Massive Error #1: Huge Retiree Health Prepayments. The first error involves the size of the annual Postal Service payment into the Postal Retiree Health Benefit Fund, a burden that Congress imposed on the Postal Service in 2006. No federal entity – other than the Postal Service — is required to make prefunding payments for future retiree health care costs. Prefunding is a good idea, BUT the size of the prepayments has bled the Postal Service into the red. The payments must be restructured, the same way a mortgage payment is restructured.
But for these large prefunding payments, the Postal Service would have been in the red in only two of the past four years, despite significant drops in mail volume due to the recession and the internet.
Massive Error #2: Huge Pension Overpayments. Ongoing errors by the federal bureaucracy – the Office of Personnel Management — have forced the Postal Service to make huge pension overpayments over the past 40 years into the federal civil service pension fund.
How much?

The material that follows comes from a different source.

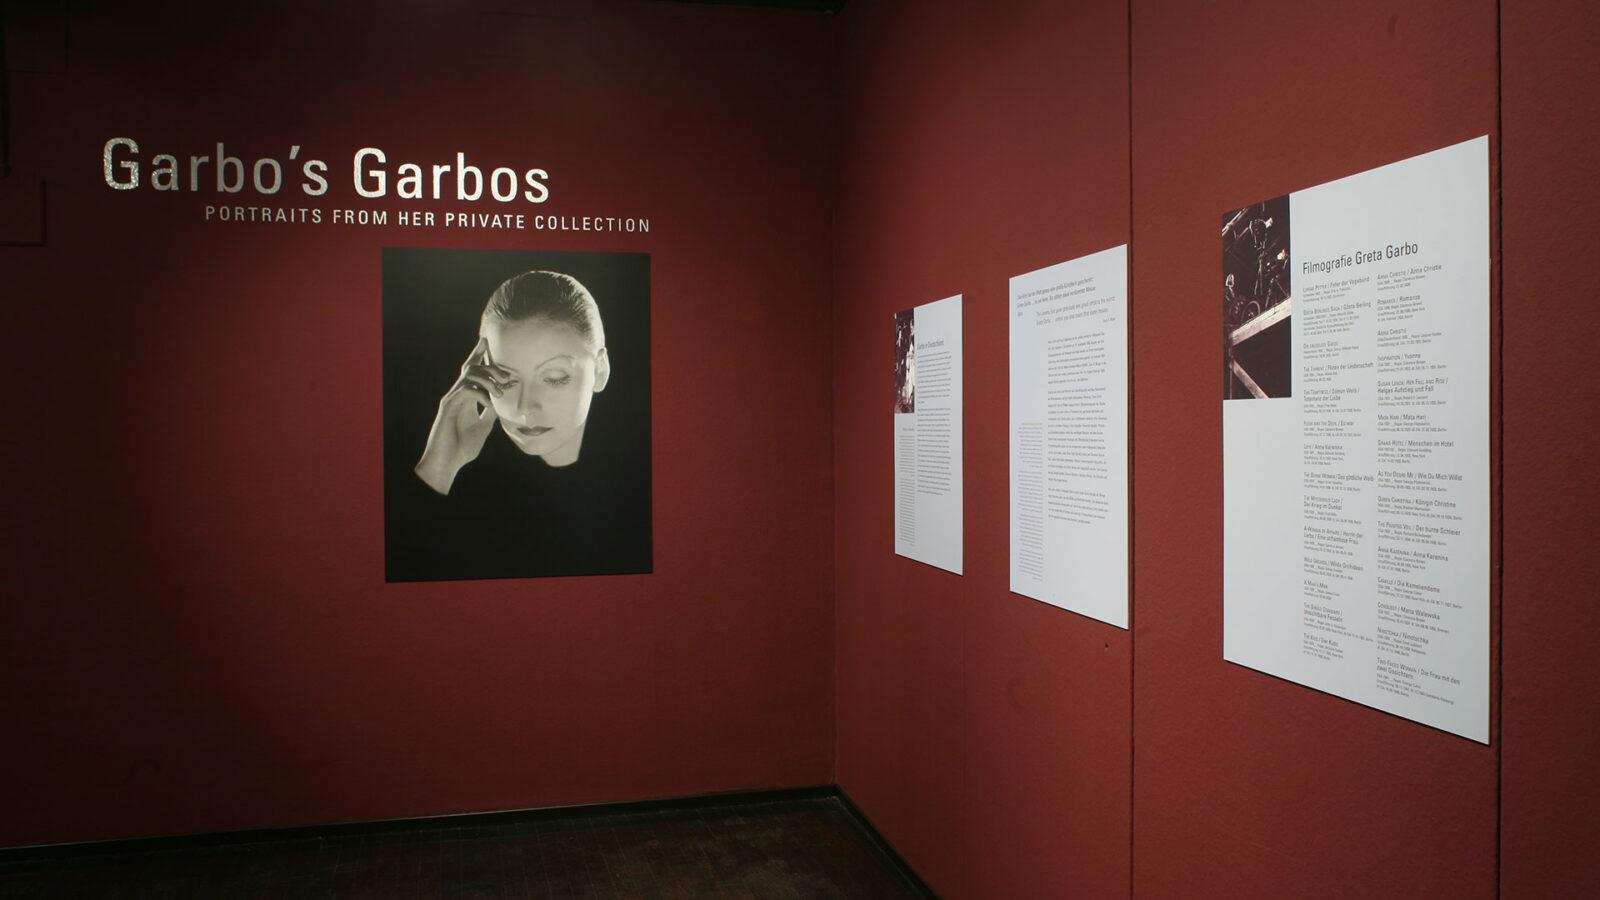 Garbo's Garbos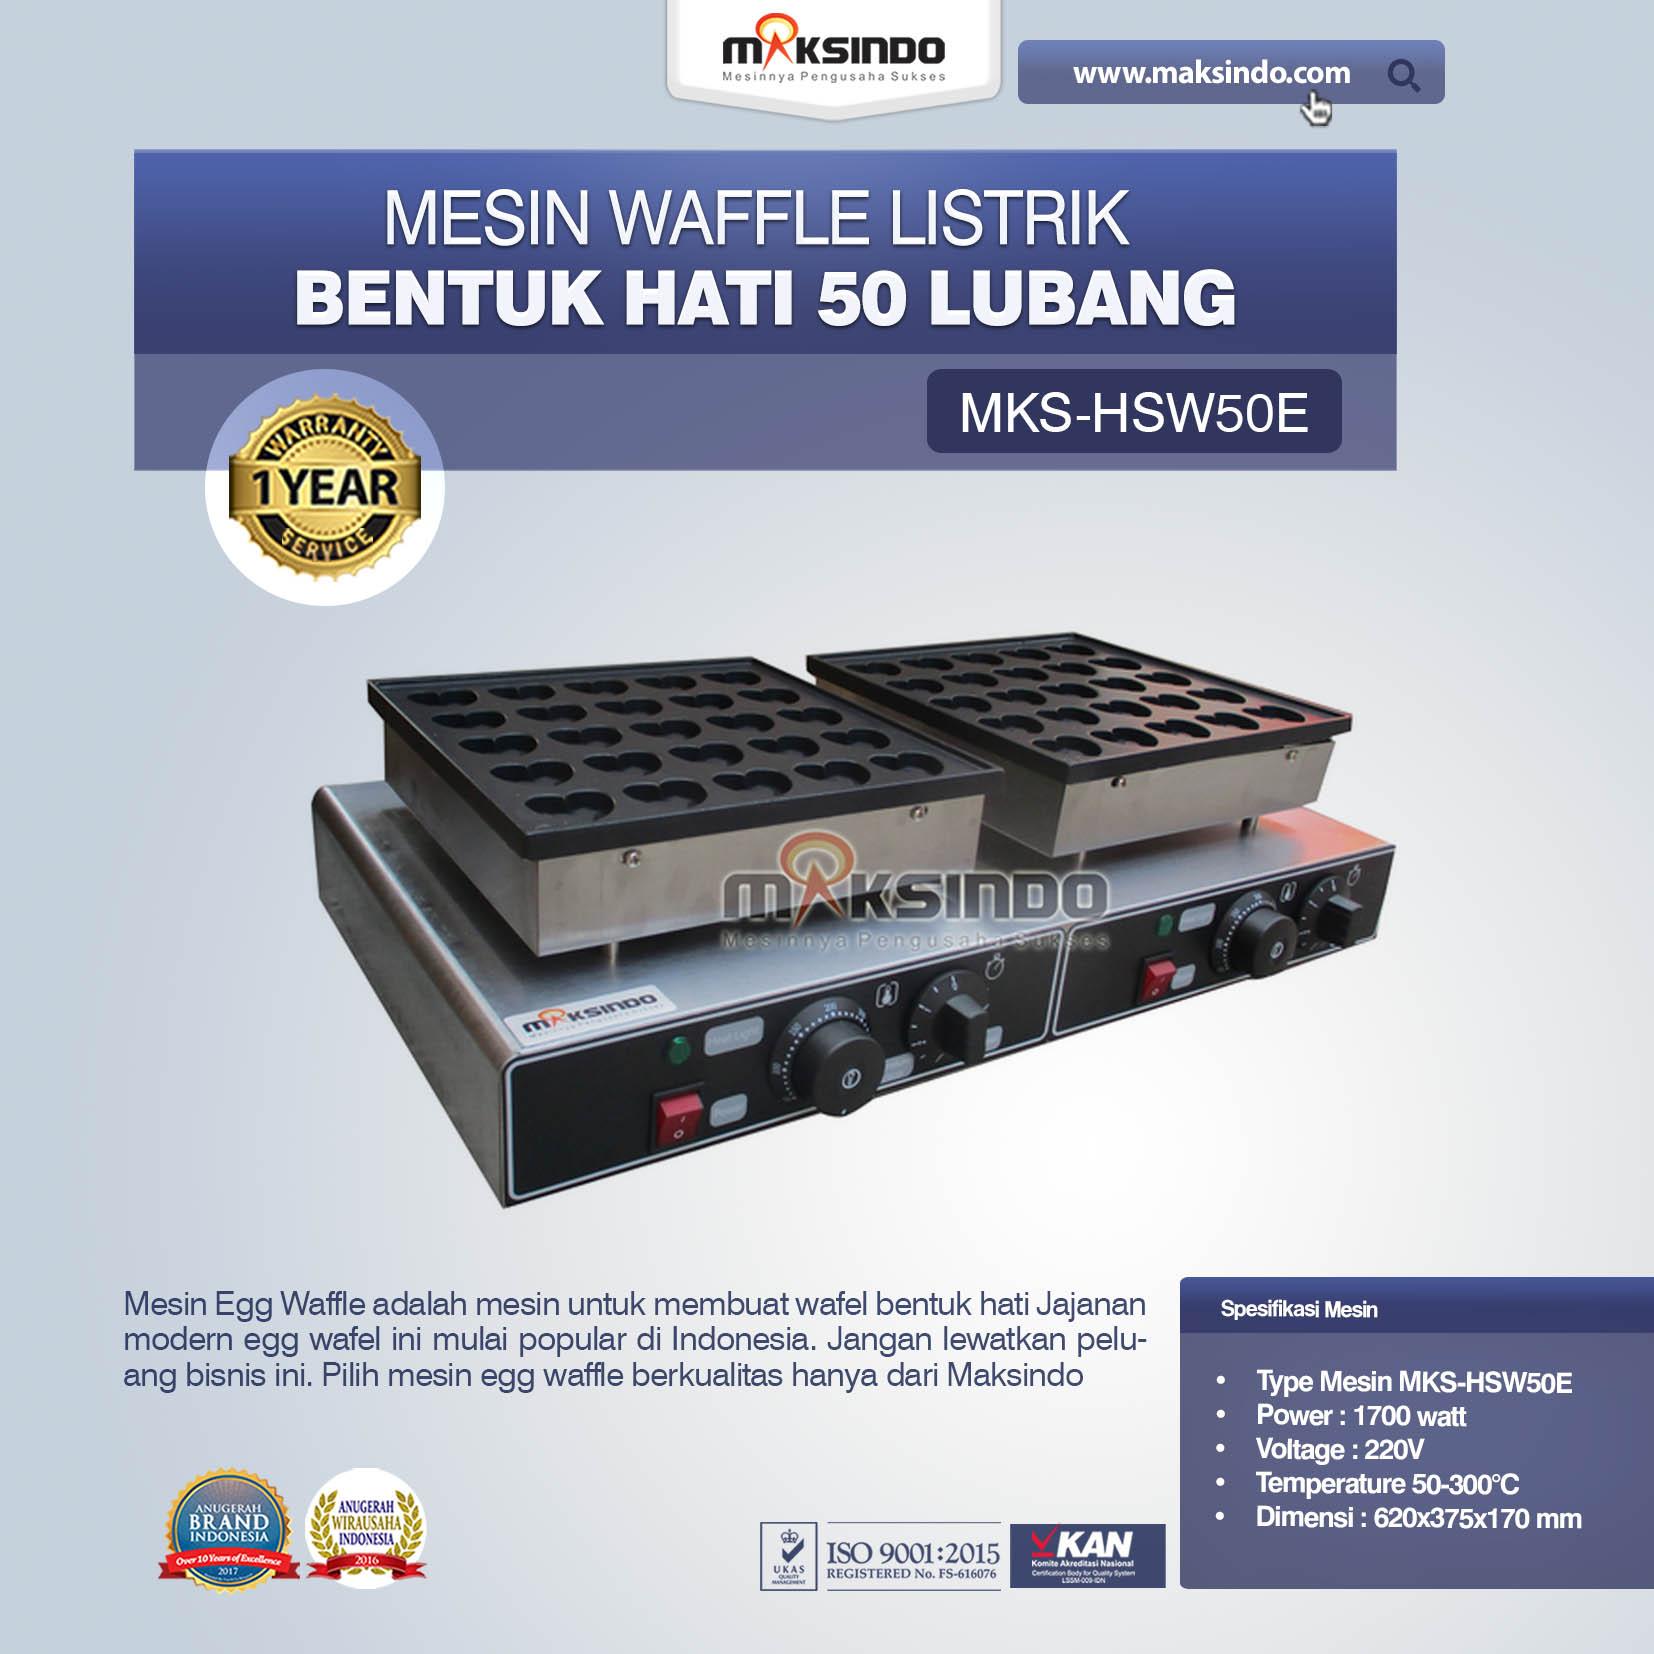 Jual Listrik Waffle Bentuk Hati 50 Lubang MKS-HSW50E di Medan

The Postal Regulatory Commission and the Inspector General of the Postal Service estimate the Postal Service has overpaid between $55 – 75 billion into the civil service pension fund. This essentially has resulted in a hidden “Stamp Tax” on postage ratepayers.
Congress should correct these massive errors and restore the Postal Service to financial stability by:
– Refunding the Pension Overpayments to the Postal Service: Ordering OPM to recalculate the pension payments made by the Postal Service and refunding any overpayments back to the Postal Service; and by
– Directing the Postal Service to use the refunded pension overpayments to satisfy its future retiree health benefit obligations.

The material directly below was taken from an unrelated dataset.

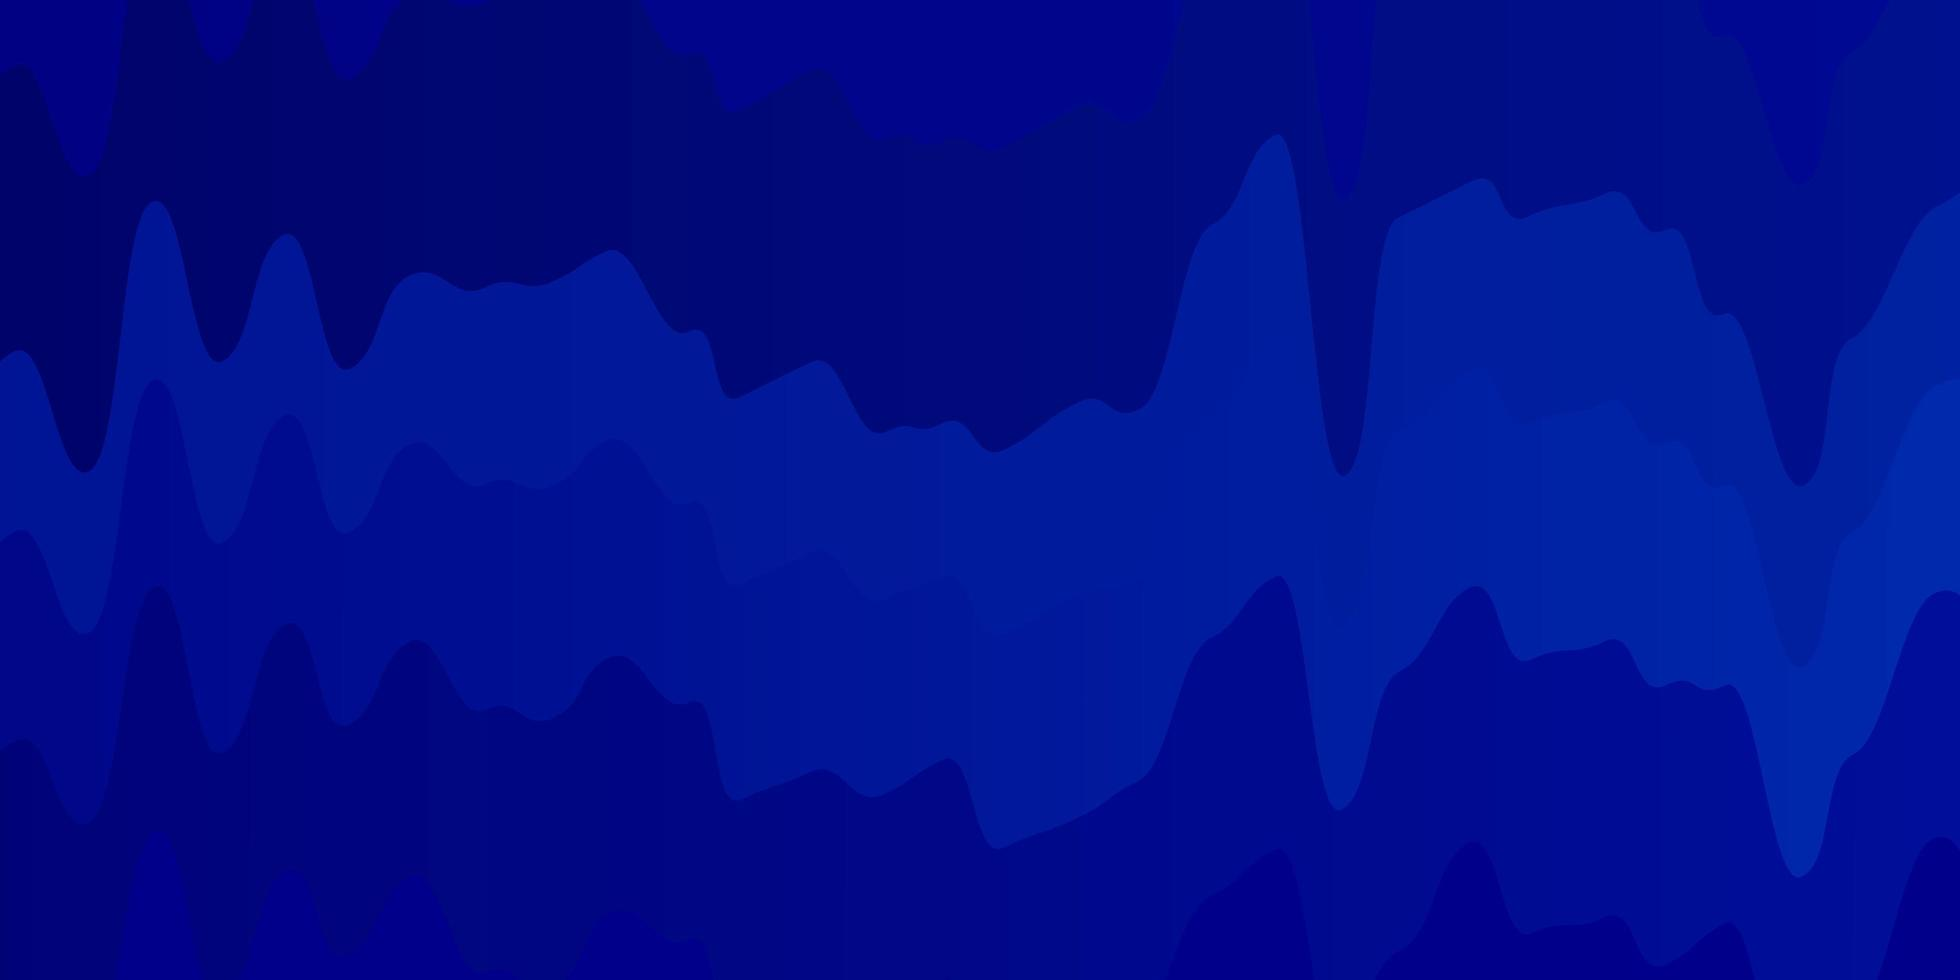 toile de fond de vecteur bleu clair avec des courbes.

This is not a bailout. This is a win-win for government accountability and a solvent Postal Service. The correction of postal pension overpayments should not increase the federal deficit. Fair dealing between one arm of the federal government and another should not permit incorrect and unjustified payments into the federal treasury to stand.
SATURDAY DELIVERY SHOULD BE THE LAST RESORT, NOT THE FIRST
Under current law, the Postal Service is required to deliver mail six days a week. As you know, the Postal Service has asked Congress to revise the law to permit the Postal Service to end Saturday delivery.
We believe that cutting Saturday delivery is unnecessary, at least for now. Saturday delivery will be counter-productive and harmful to the postal system, American
households and businesses.
If Congress acts to refund the Postal Service for its pension overpayments and restructures its pension and health benefit obligations, the Postal Service will be on a more stable financial footing – without the need to end Saturday delivery.
Reducing mail delivery days should be the last resort, not the first.